Task directions: With images removed, return the whole listing exactly as written.

Data segment:
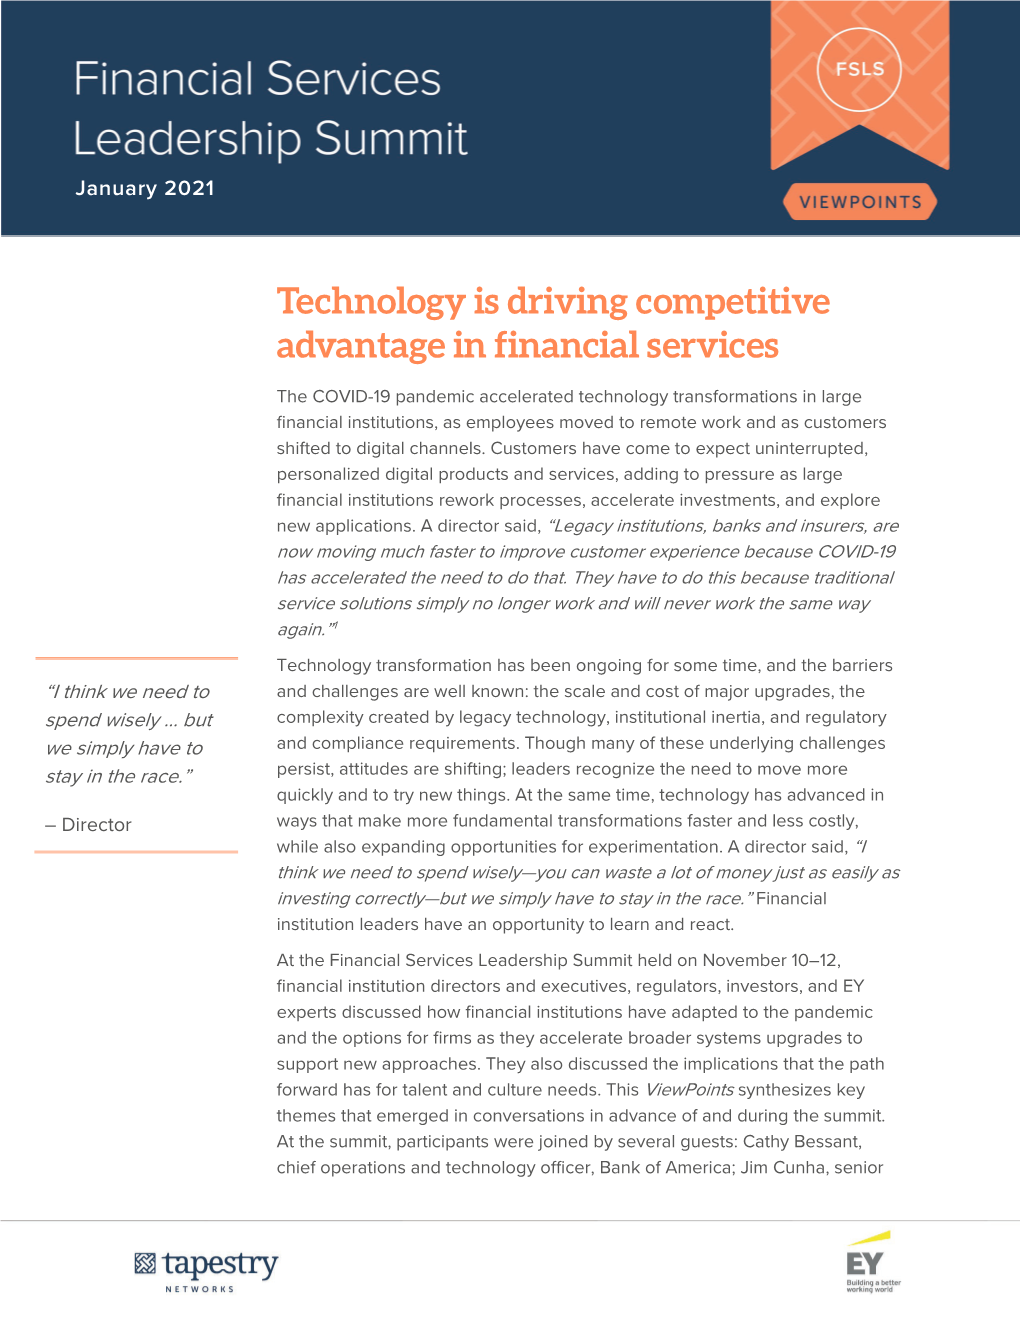 Technology Is Driving Competitive Advantage in Financial Services (Pdf)
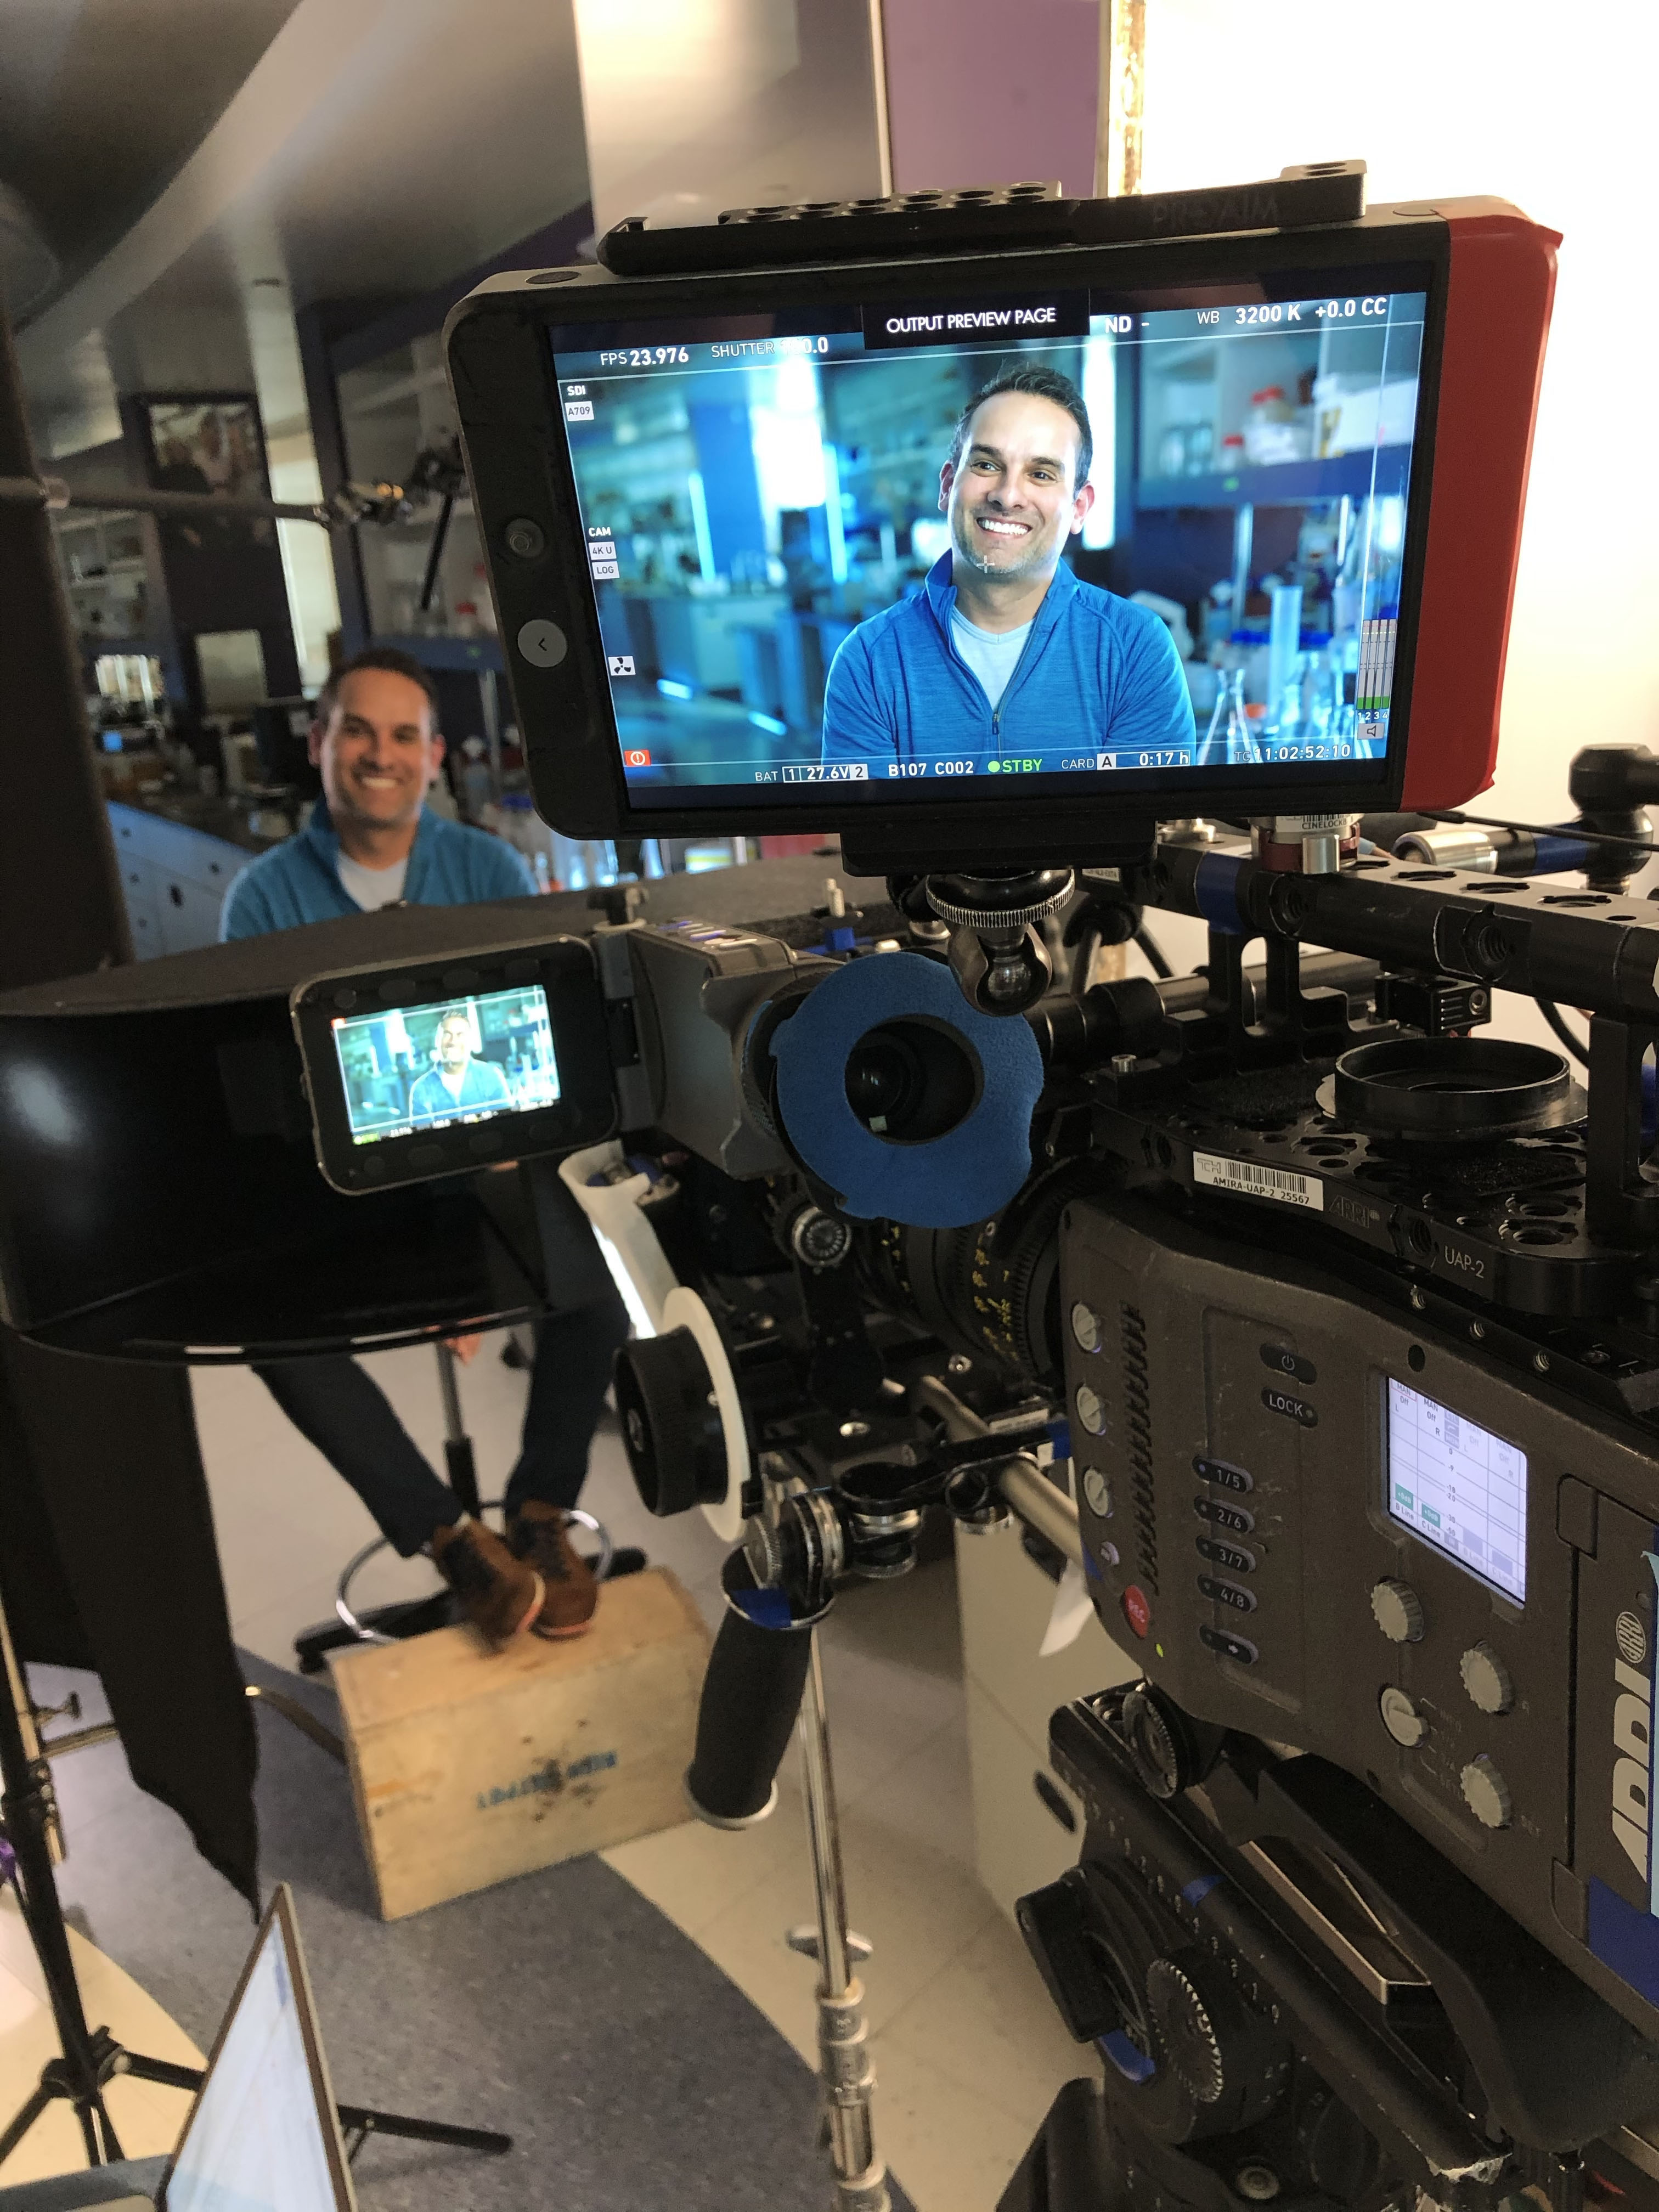 ALS TDI Collaboration with Google’s Project Euphonia Highlighted in Documentary Series Featuring Former NFL Player Tim Shaw “The Age of A.I.” Hosted by Robert Downey Jr.
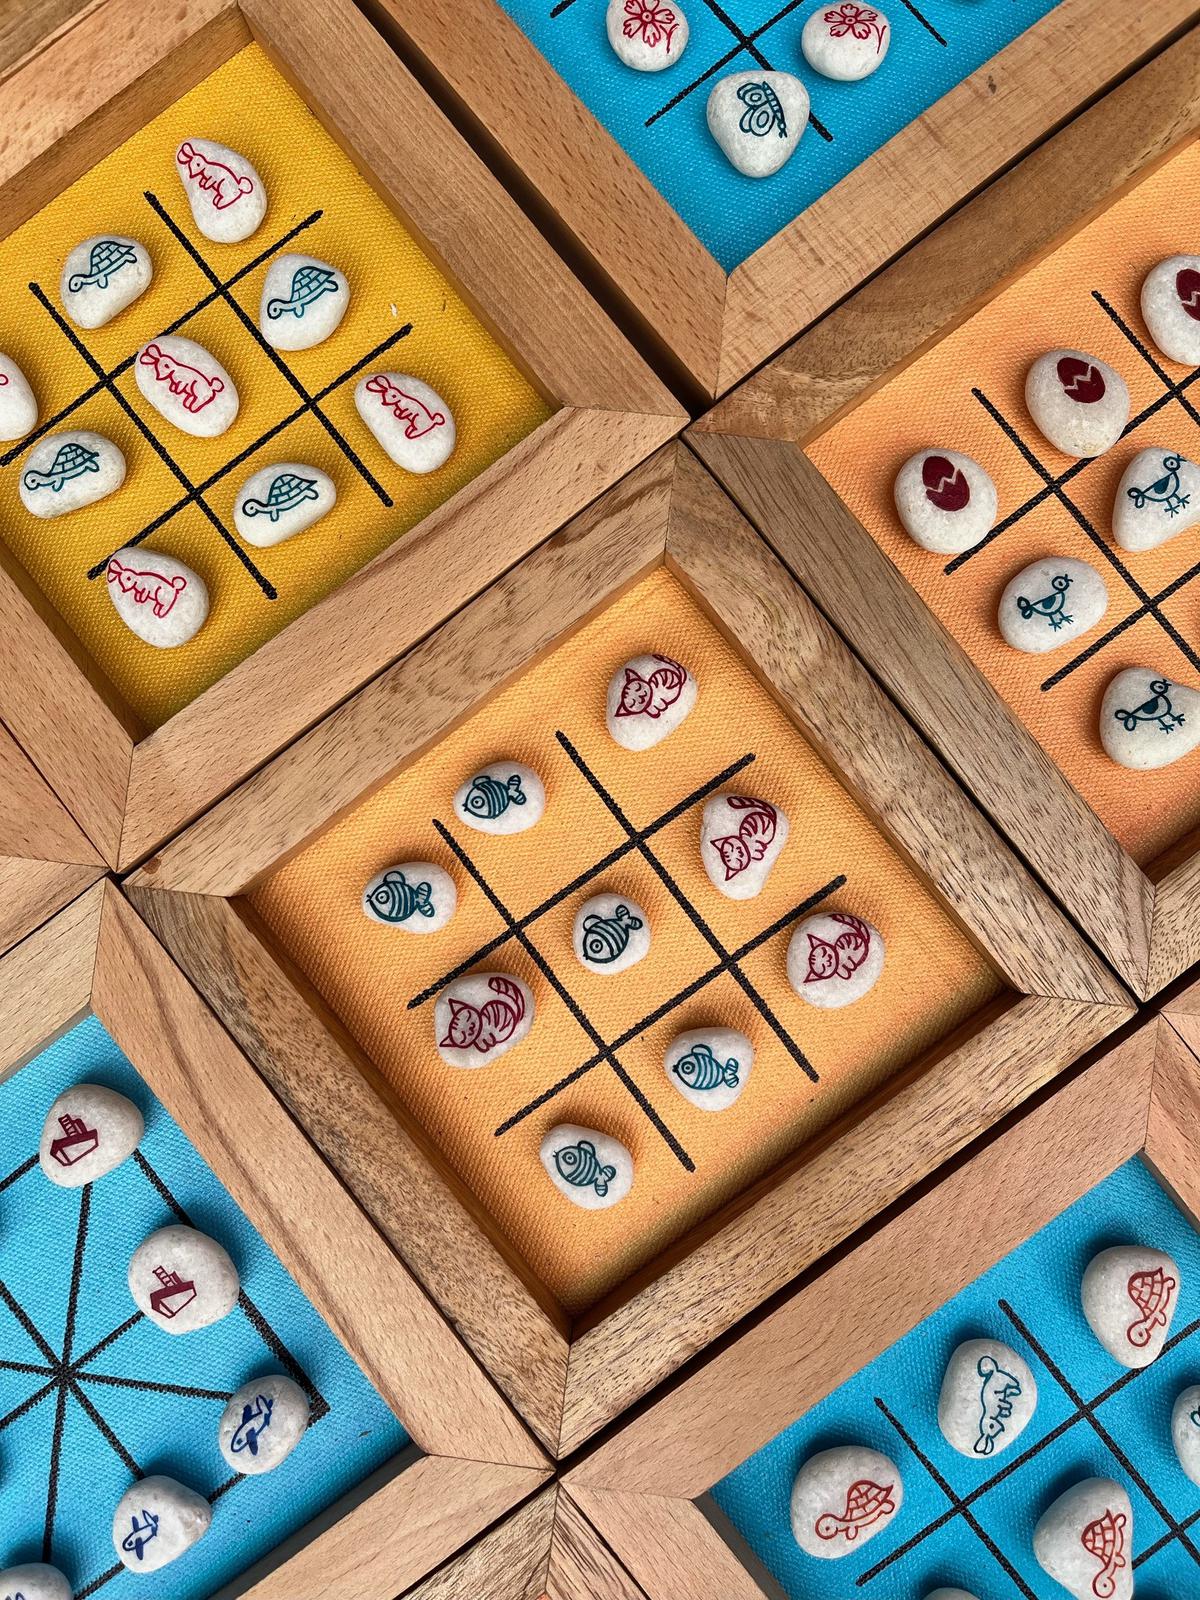 Board game with hand painted stone coins
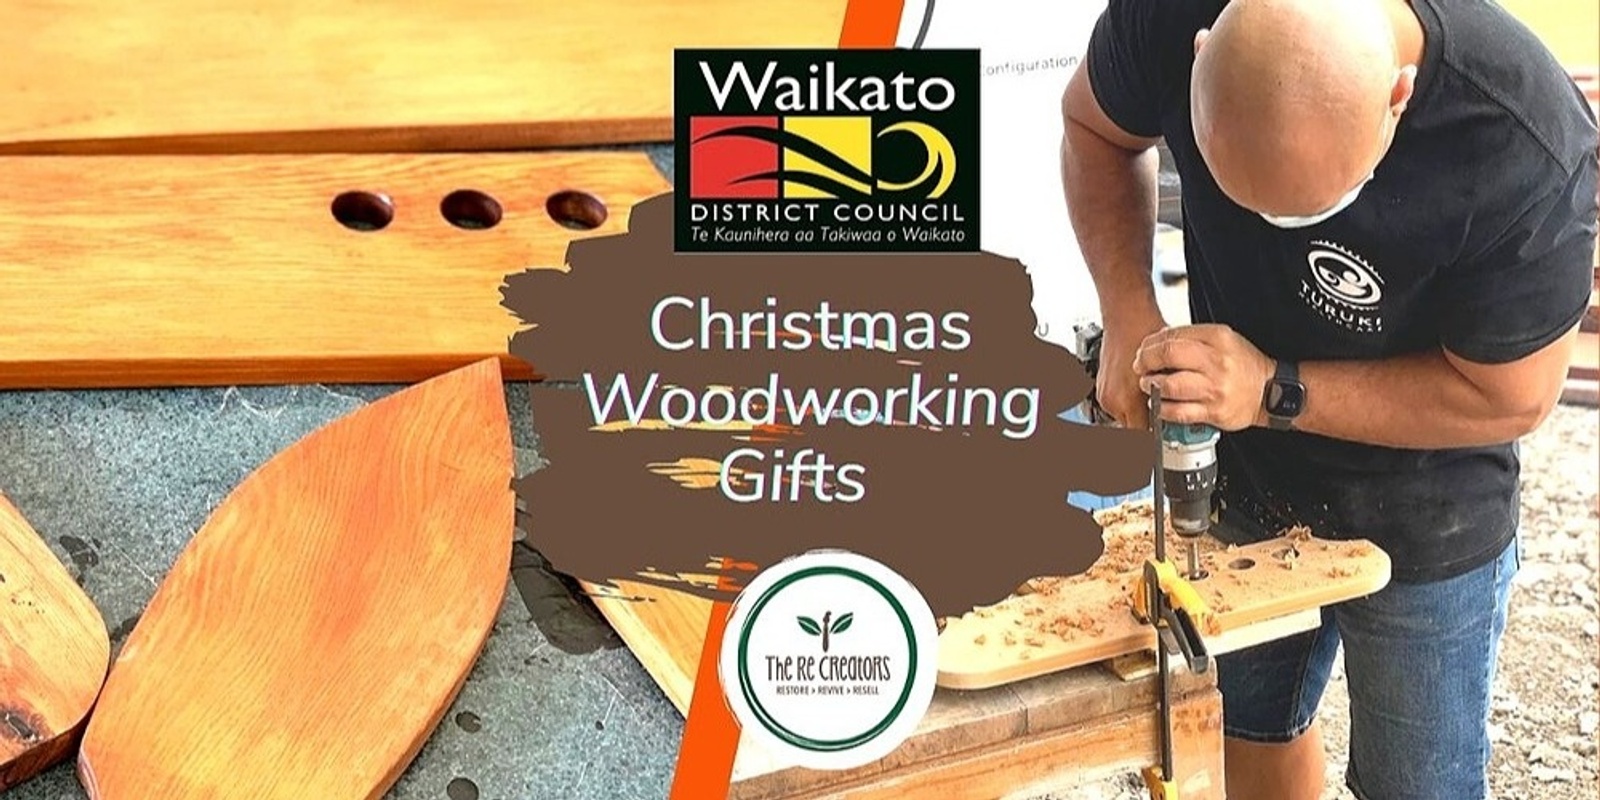 Christmas Woodworking Gifts: Make a Chopping Board and Planter Box, Pōkeno  Hall, Thursday 15 December, 5.00pm to 8.00pm

The answer:
 Technology Is Driving Competitive Advantage in Financial Services (Pdf)
 ALS TDI Collaboration with Google’s Project Euphonia Highlighted in Documentary Series Featuring Former NFL Player Tim Shaw “The Age of A.I.” Hosted by Robert Downey Jr.
 Board game with hand painted stone coins
 Christmas Woodworking Gifts: Make a Chopping Board and Planter Box, Pōkeno  Hall, Thursday 15 December, 5.00pm to 8.00pm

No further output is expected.